I didn’t sleep well the other night. I don’t think it’s a Freudian hang-up or anything, just that things in my life are changing. One of my dreams (from when I did find some sleep) wasn’t a particularly pleasant one: it was a dream of failure.
I was attending a writing class taught by a published author—a writer that I don’t think really exists outside of my own dream world. She had been excited to read a new novel I had submitted to her because she had seen other samples of my writing. I think she was somehow hoping to ride a wave of success by discovering me as a new best-selling author.
In my dream, my instructor became depressed—even angry—when she discovered the low quality of my submitted novel. Her dream (which is funny, because she’s a dream character herself) of discovering the next J. K. Rowling had been dashed, and because she apparently wasn’t a very good writer herself, saw her chance at real fame going down the drain along with mine.
I think dreams of failure like this—or at least the fear of failure—is what keeps many of us writers from walking out on a limb and taking a chance.

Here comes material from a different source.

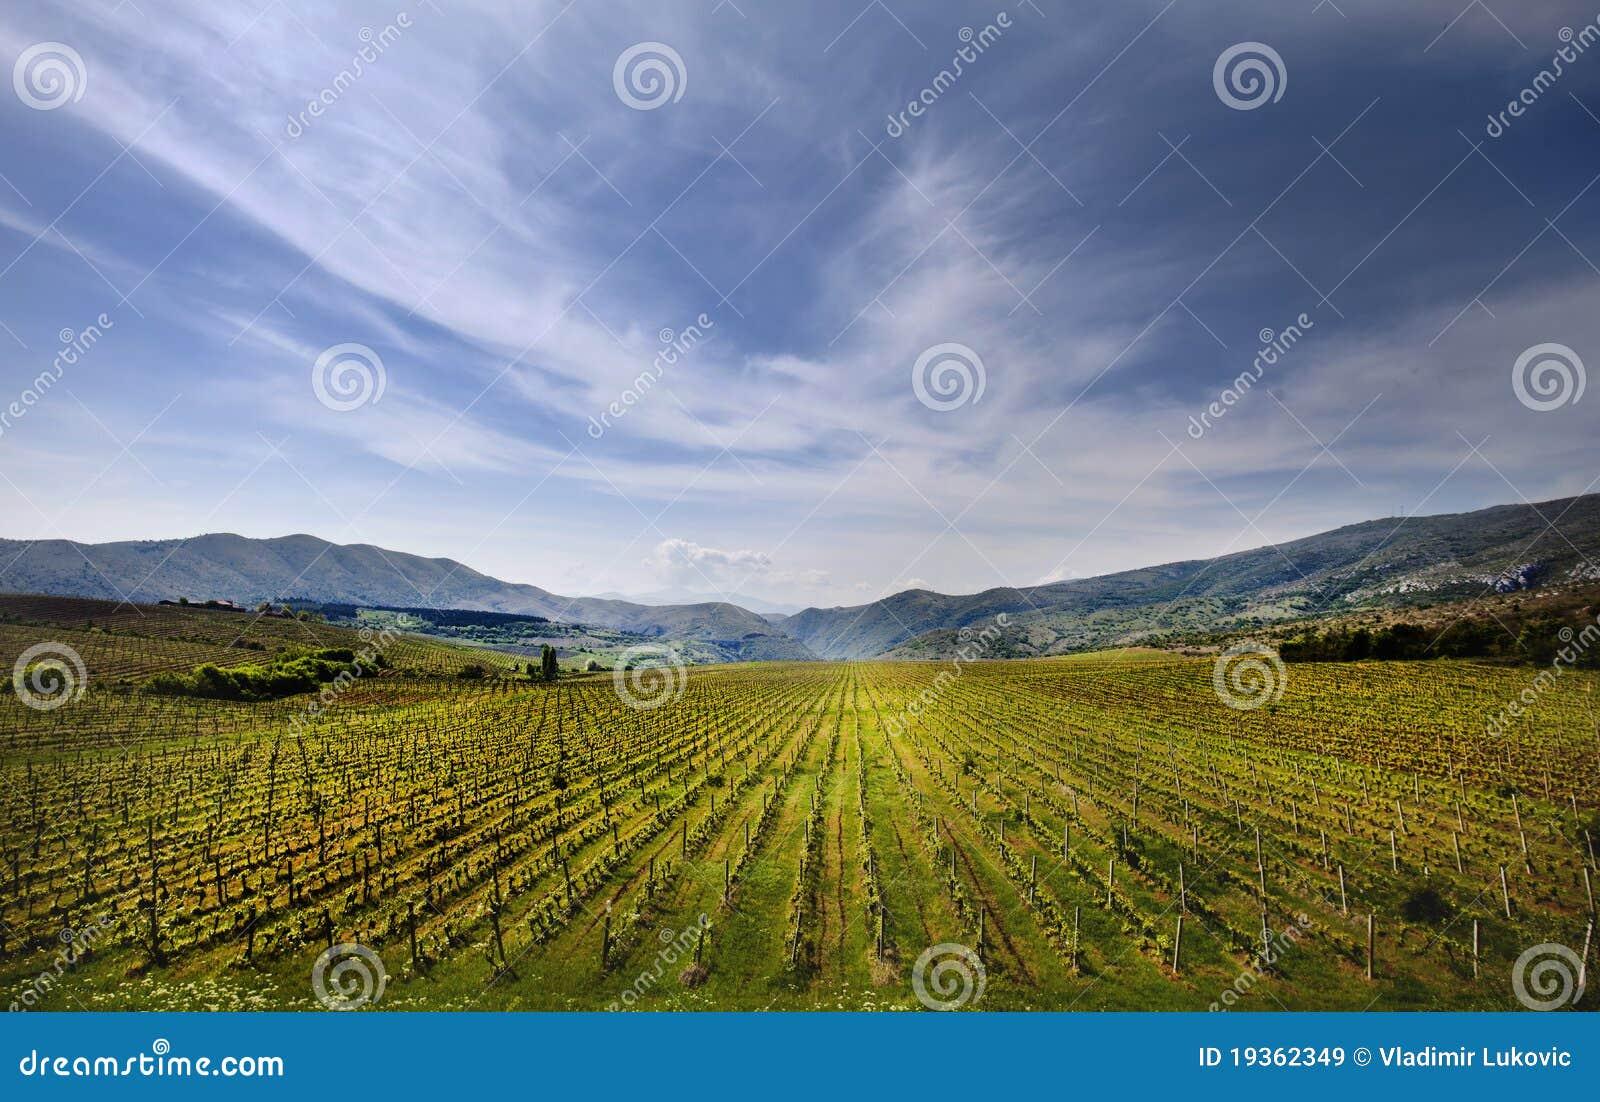 Campo do vinhedo em Macedónia

It takes a big ego to be a writer. It’s scary to be told that your writing is garbage and that you might be better off to find a better “hobby” in which you actually have some skill.
Fortunately for me, my writing is not garbage and my nocturnal writing class was just a stupid dream. At the risk of sounding egotistical, though, I must admit that I survived the experience with a healthy Writer’s Ego—which is good, I believe: if the future is anything like the past, I think I’m going to need it.
2 comments:
Dreams can sure seem real, even when we know they aren't. You did a good job of writing about it, which proves it was,indeed, only a dream! (Or a nightmare, as the case may be.)
Glad to see you back posting. I sure hope things calm down in your life so we can see you every week. I agree with anon., Your writing proves that it was only a dream.